| CANADA'S SOURCE FOR HUMOUR, PARODY, AND SATIRE
I bet you didn't know that Canadians love the Superbowl. Yes, we have the Grey Cup, and yes the British Columbia Lions were soundly defeated in Canada's "Big Game." But really, there is more hype with the American counterpart. And why not? There's 30 teams battling it out, compared to Canada's NINE. The game itself has its differences, but really I wouldn't care if there were three downs, four, or nine. Let's face it, the Yanks have the superior talent, better marketing, and cooler uniforms. You could argue with a Canadian Football League (CFL) fan all afternoon, and still not convince him that the NFL has a better game. Just try telling that to the ONE CFL team that doesn't get to make the playoffs.
THE
RANDOM STORY GENERATOR IS STILL PRODUCING Okay, I admit, there is no random story generator. I made that up. Much like most of the content you read on our web site. But would you believe how many people believe that what we write is true? Now I realize that the Internet is everywhere, and that everything on the Internet is true. "It's a fact!" But forgiving that statement, I try my best to make sure that the balance in our material tilts towards the incredibly unbelievable. Really, it should be enough that on every page we print "Canada's Source For Humour, Parody, And Satire." Nowhere on any page does it say "This is absolutely true!" Yet, every week I continue to receive emails from readers asking about the secrets to telekinesis, the keys to unlocking the bible, and wondering if it's true that beer makes you psychic. **I WISH**. People, please! This site is just for fun, like The Onion, The Weekly World News, and CNN. You're not supposed to believe it!
I
SURVIVED THE SLASHDOT OF 2003 Remember when your parents went to Reno, Las Vegas, or Hawaii, and when they came back all you got was that lousy t-shirt saying "My parents went to Hawaii and all they got me was this lousy t-shirt"? Well, that's not what I was thinking. I meant those t-shirts you bought that said "I Survived The Quake Of '90" or "I Survived Reagan". Well, I was considering getting some t-shirts that said "I Survived The Slashdotting of 2003". Why? Well, Slashdot is one of those uber-sites that destroys smaller websites with barely a nod. Kinda like that weird whale alien ship in Star Trek IV that was ready to wipe out Earth.
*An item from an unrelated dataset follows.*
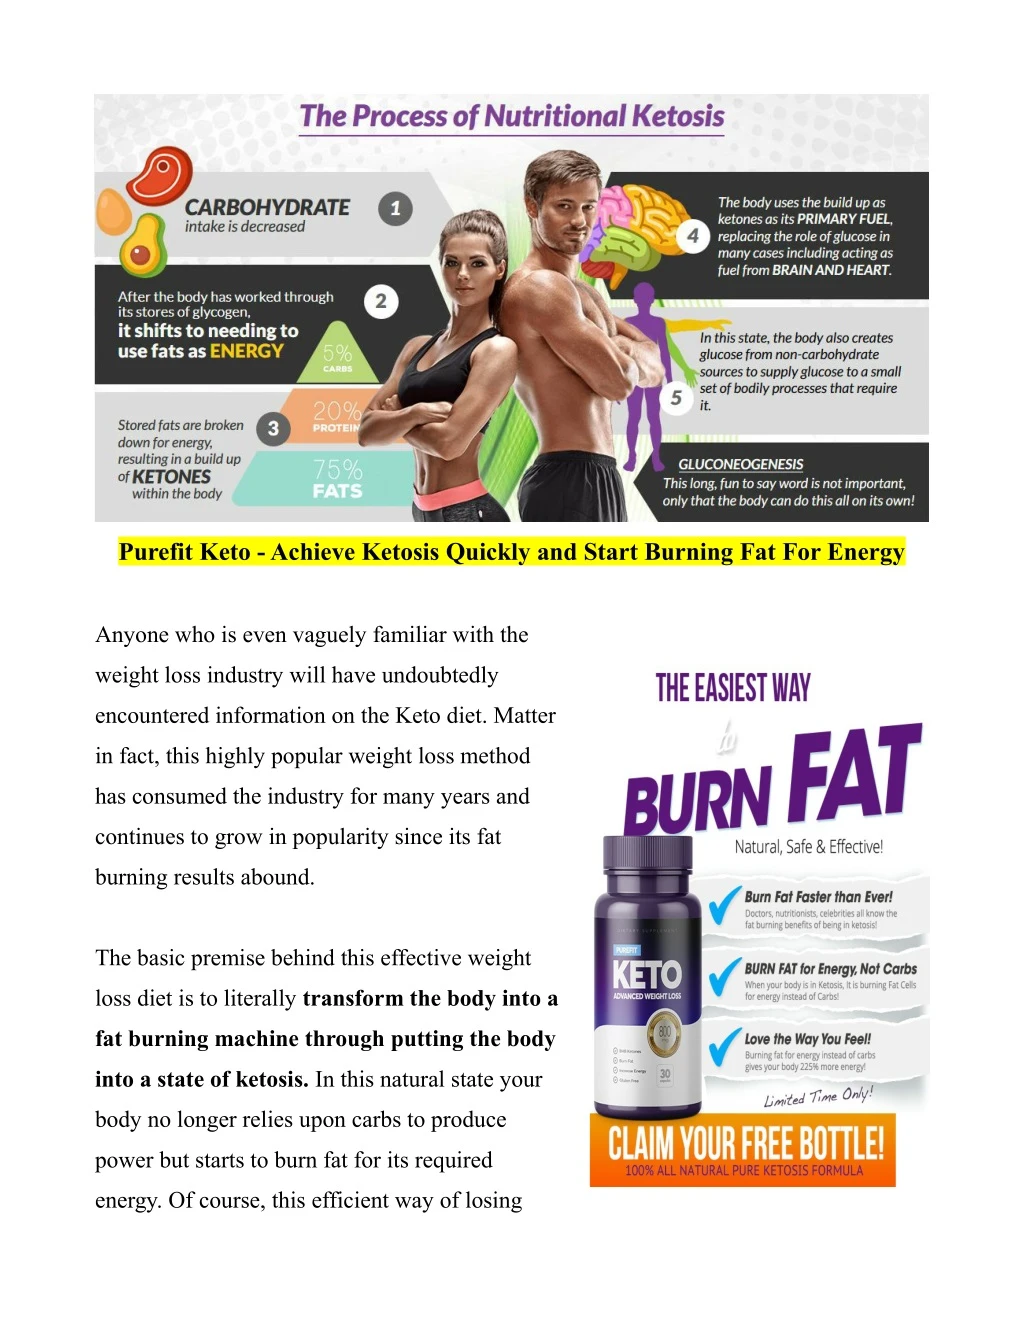 purefit keto achieve ketosis quickly and start

It washes away everything that's in its path, not really meaning any harm or anything. I got Slashdotted on Thursday for the story What Should I Do If The Internet Goes Down?. It's a cute little piece that I knew would attract the favourable nerd demographic, but I hardly expected to get pounded with mega hits (mega meaning a whole lot). As far as I could tell, The Toque survived the onslaught, and the aftershock, and even today the mumblings and rumblings are still being felt. Well, I don't need any more t-shirts, but I'm grateful still that I survived. Thanks Slashdot for all the traffic, and thanks to all the weblogs for picking it up as well.
THE
CURSE OF THE CUB-BINO You probably think that because we live in Canada, we don't follow baseball. Or if we do, we turn off the televisions when the Blue Jays don't make the playoffs. I'm not sure there are any Expos fans, or if there are I haven't met any. In the states, you can liken it to the Clippers. Well, in the Great White North, we do watch baseball and its playoffs--we just flip back and forth between that and the hockey game, any hockey game. Yes, we feel sorry for the Cubs fan who goated his way into history. Yes, we feel sad for the Red Sox who couldn't win the World Series if they moved the Green Monster in from left field fifty feet and the other team had to bat left-handed. In Vancouver, the Western bureau offices of The Toque, we follow the Seattle Mariners, because it's more of a regional thing than a national thing. Plus, since Toronto is already the centre of the world, nay universe, they don't need any more encouragement. So this year, it's the Yankees who buy the World Series every year, or the Marlins who sell it after they win. Tough choice. What time is the Canucks game on?
ABHORING
AD-WHORING You've probably already noticed the text ads on most of The Toque's pages (but not all). I deliberated, I pondered, and I even thought: do I want to advertise on The Toque? I've never been a fan of banner ads (well, the real ones anyway), and animated gif's throw me into fits that threaten beer spillage--which is never condoned. We do make money from t-shirts, and from reprints, and we all have jobs, but after seeing Google's Adsense network, I thought that this couldn't be too bad of a thing. The ads that are appearing all seem to be relevant to the topic of the article/story, and they're less offensive than the enlargement emails I get in my mailbox every day. These ads are all text, and they happened to fit within our web structure without having to rearrange anything. Plus, too much white space can't be good for your monitors, eh? So, if you have an opinion on our semi-commercial look, let me know. If you wish to send me a really large cheque (not a novelty one), we can discuss it even further. In the meantime, I hope you take a moment to click on one or two of these ads, especially if you're looking for parrot food, dachshund accessories, or model gnome kits.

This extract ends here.